## SOURCE DATA
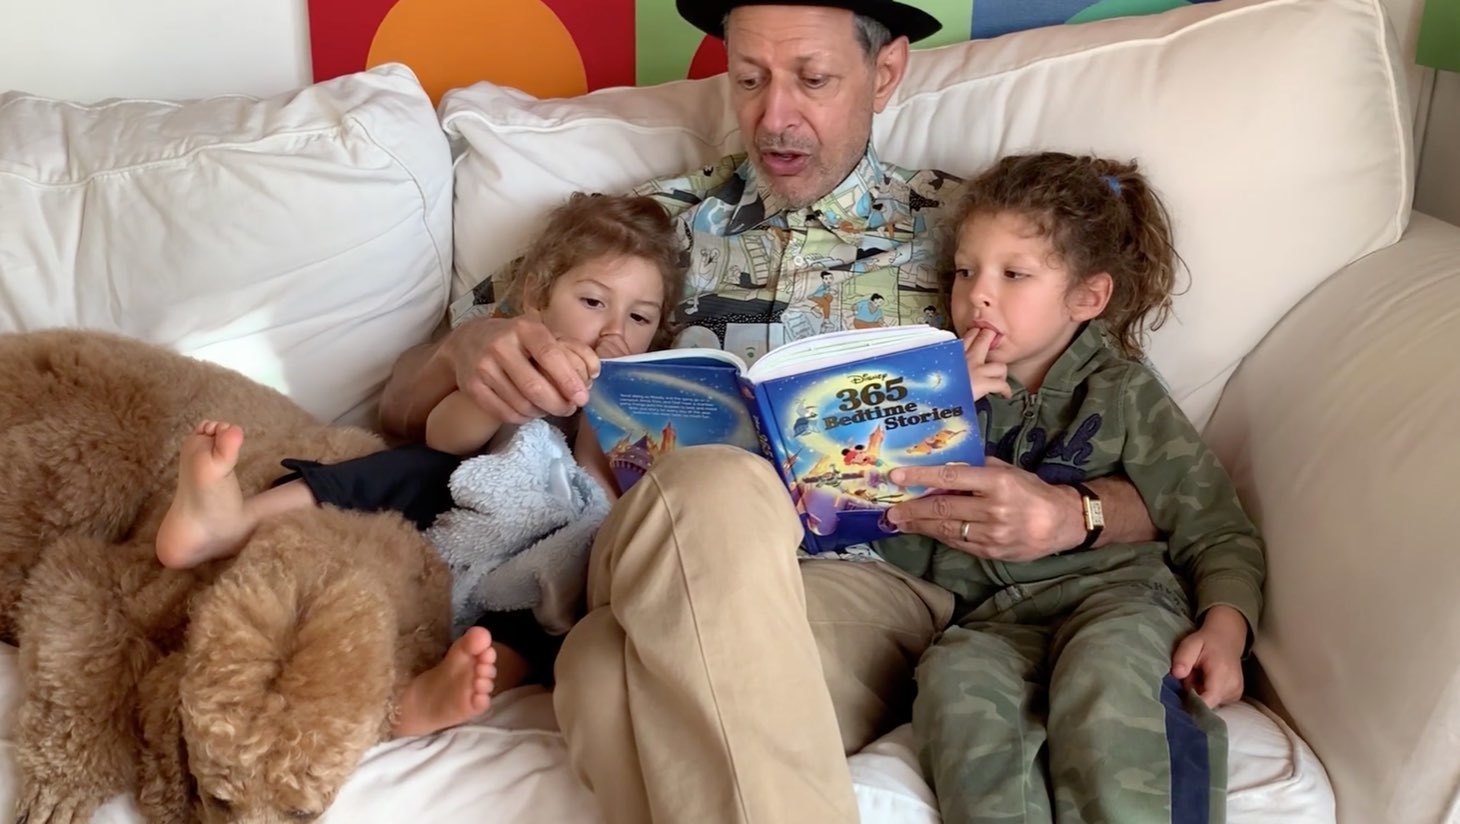 Jeff Goldblum reading a book to his chirldren
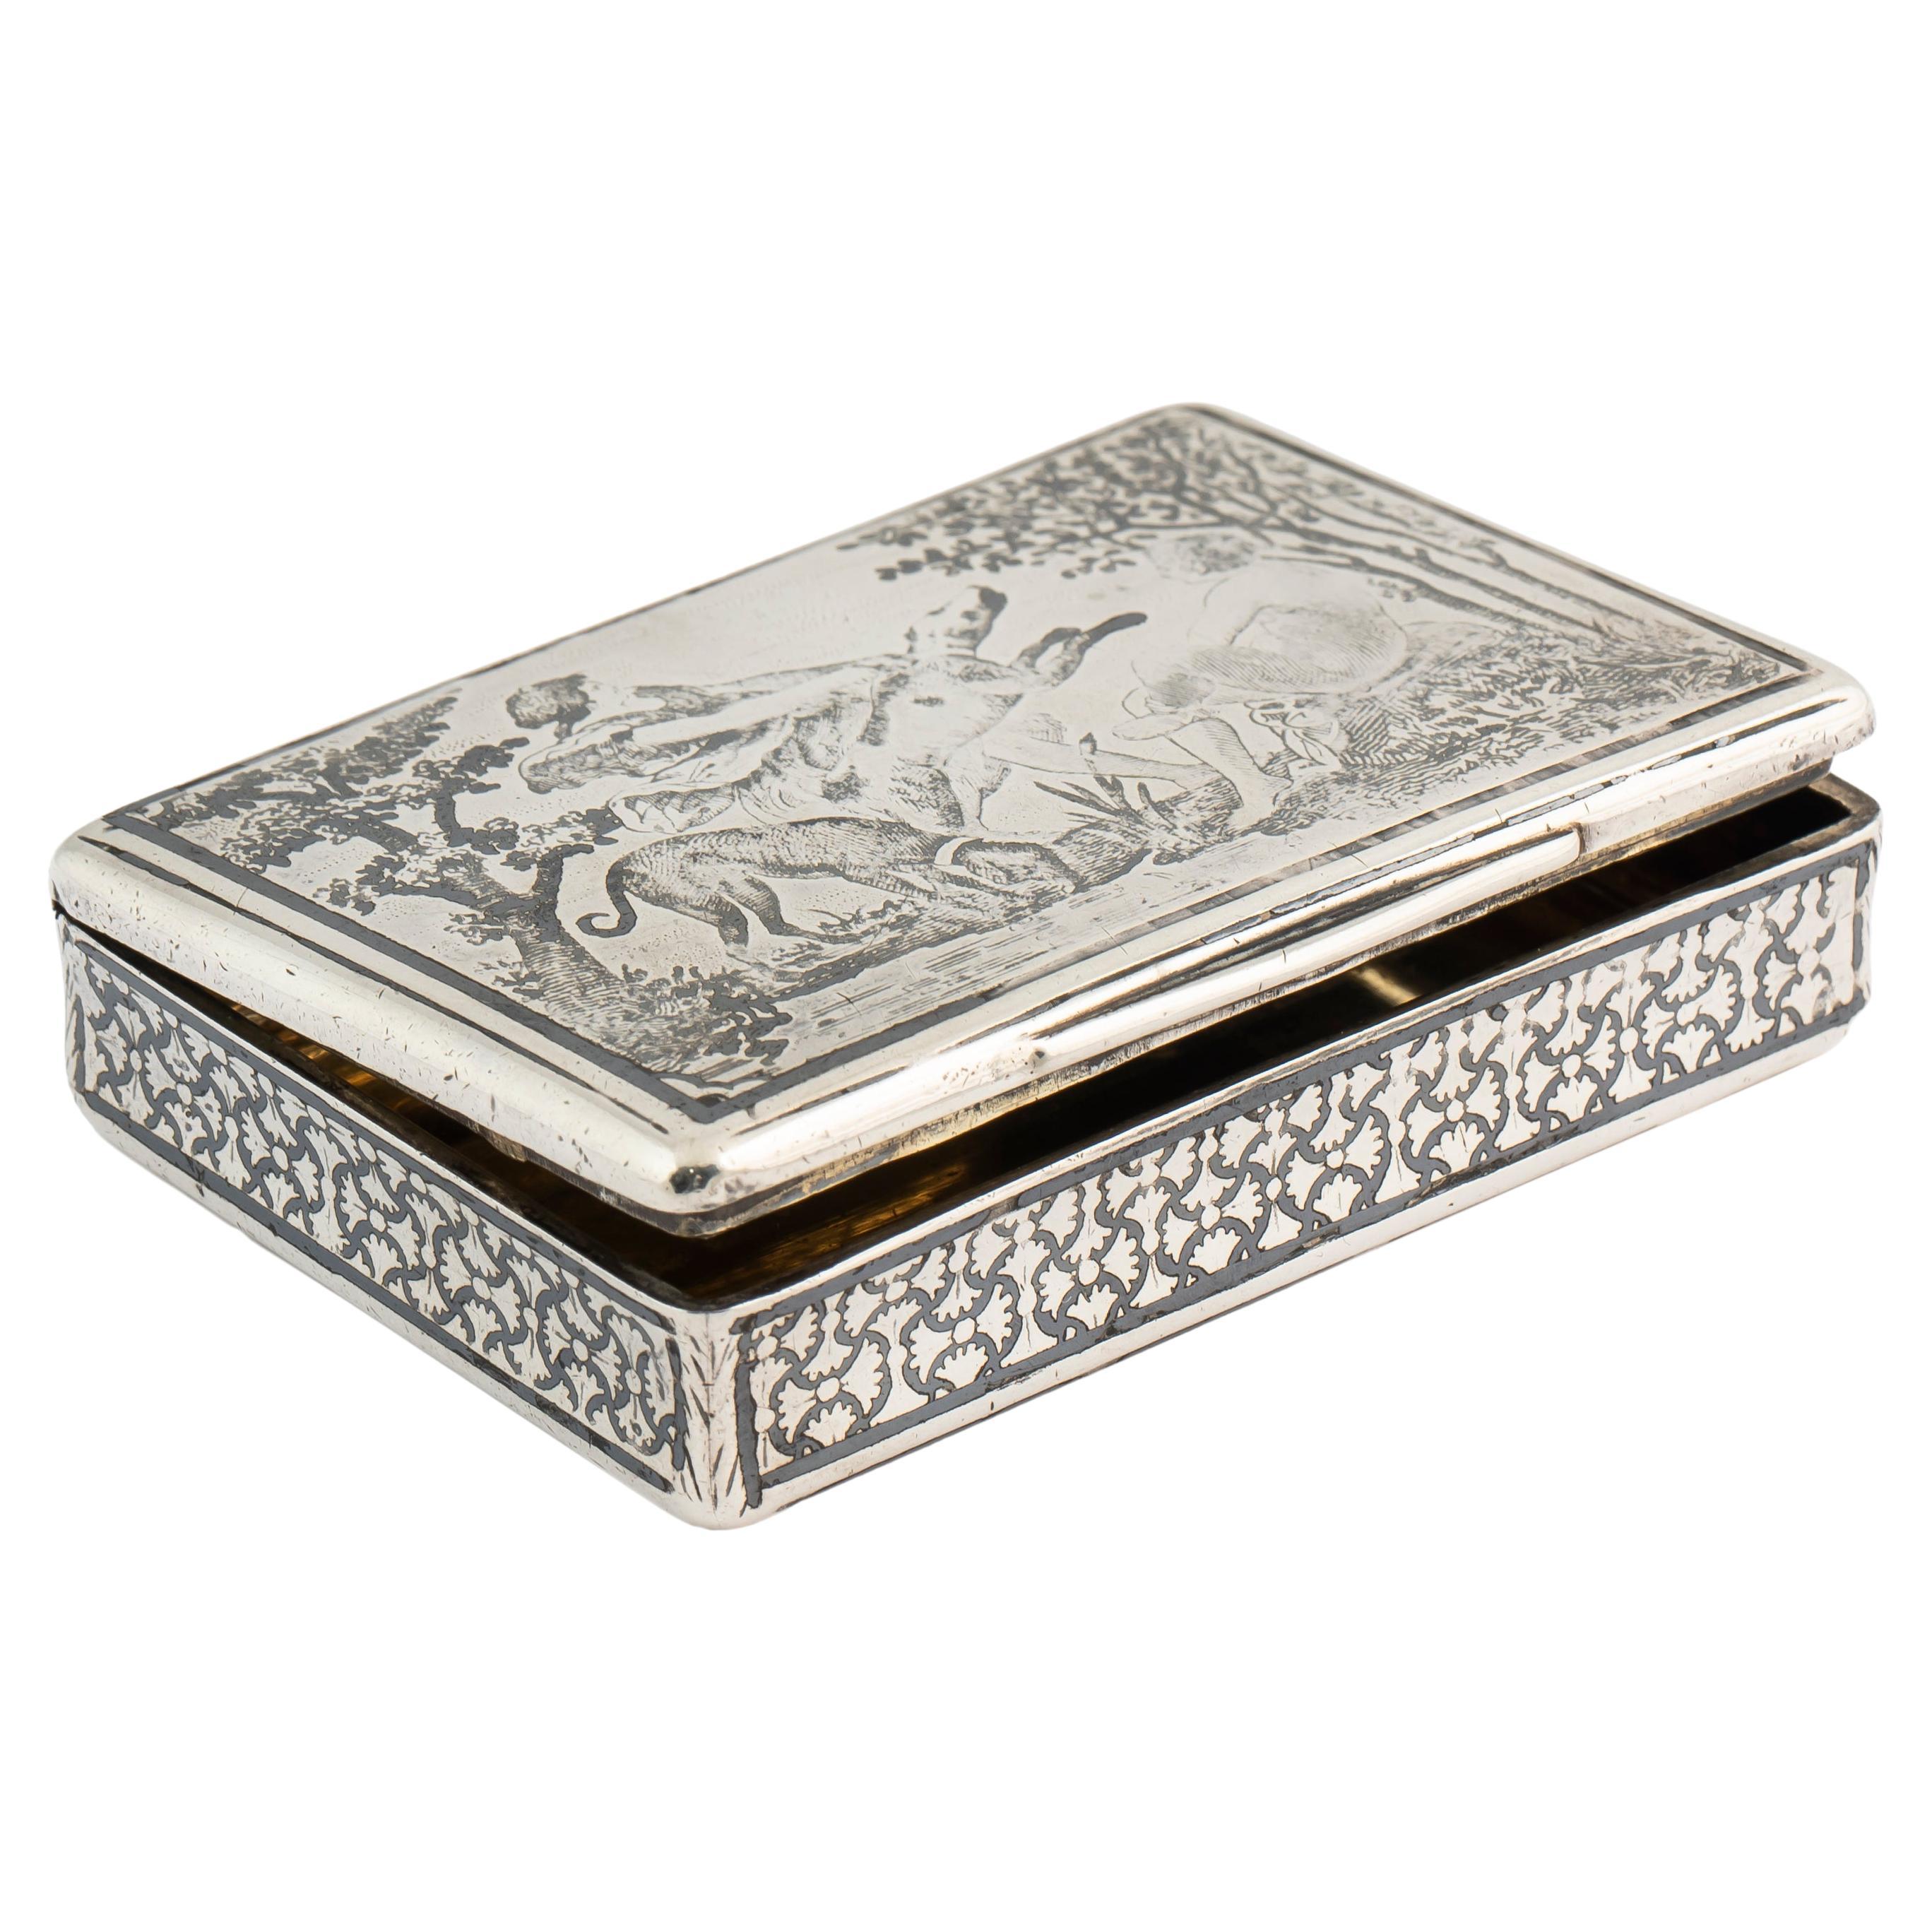 French Silver Niello Snuff Box, Hunting Scene, early 19th century
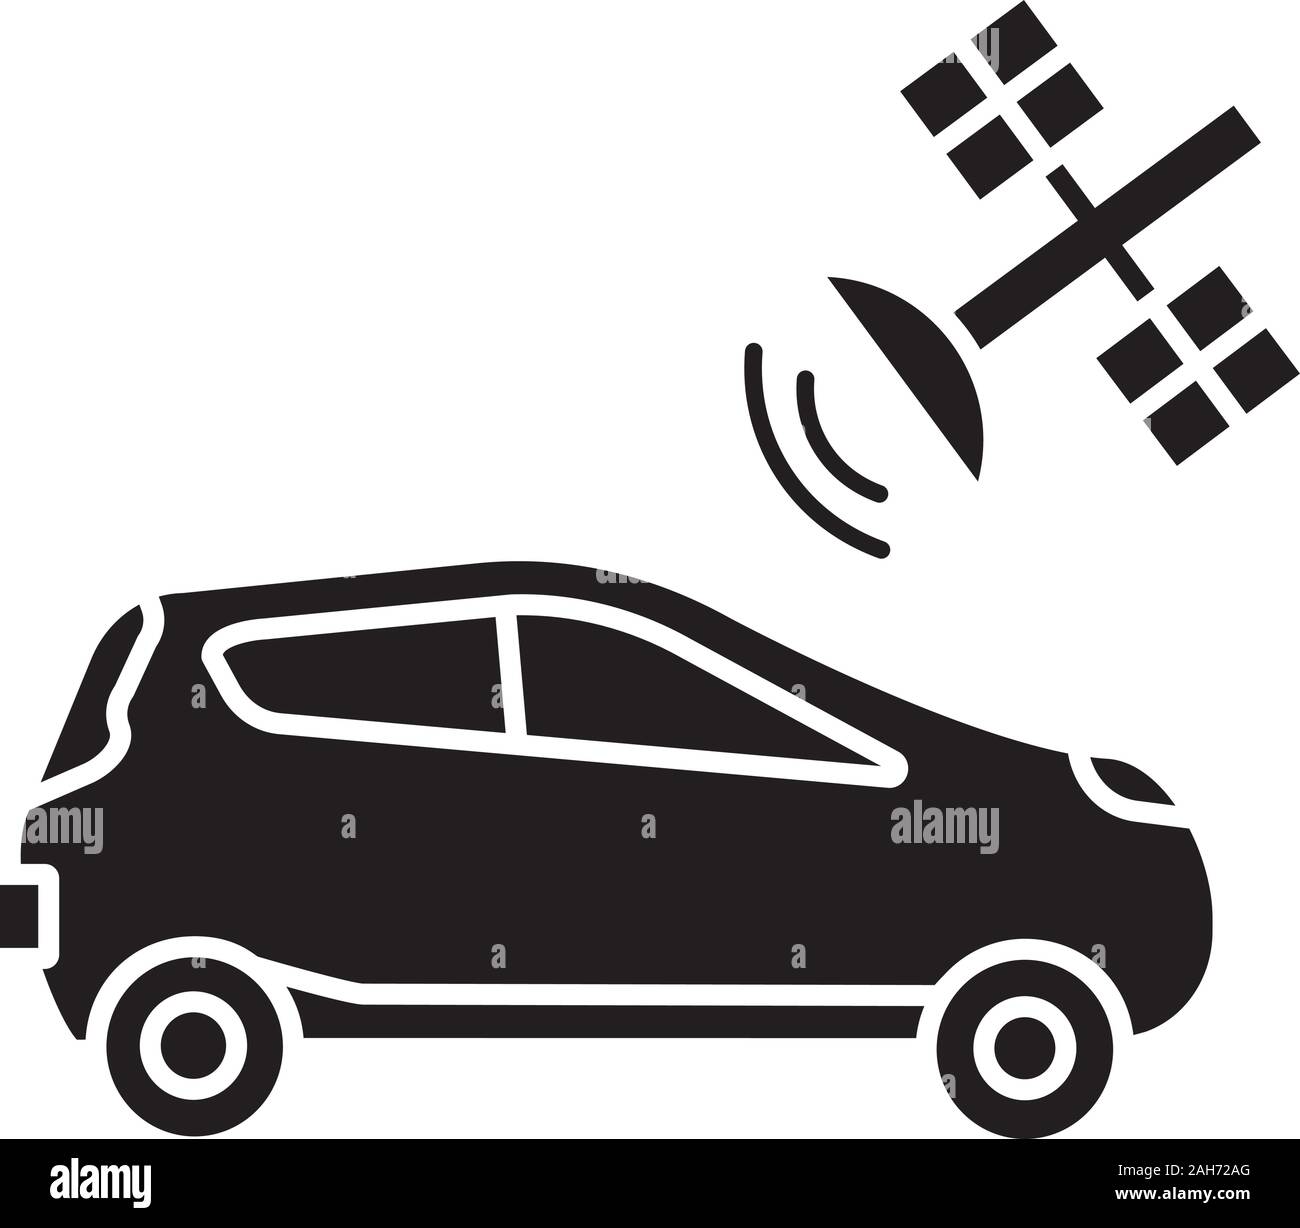 Autonome Auto mit Bediensatelliten glyph Icon. Smart Auto mit GNSS. Selbst Fahrer Automobil mit Global Navigation Satellite System. Fahrerlose veh Stock Vektor

## ASSIGNED TASK
What you return must match the material above exactly, minus its pictures.

## THE COMPLETED TASK
 Jeff Goldblum reading a book to his chirldren
 French Silver Niello Snuff Box, Hunting Scene, early 19th century
 Autonome Auto mit Bediensatelliten glyph Icon. Smart Auto mit GNSS. Selbst Fahrer Automobil mit Global Navigation Satellite System. Fahrerlose veh Stock Vektor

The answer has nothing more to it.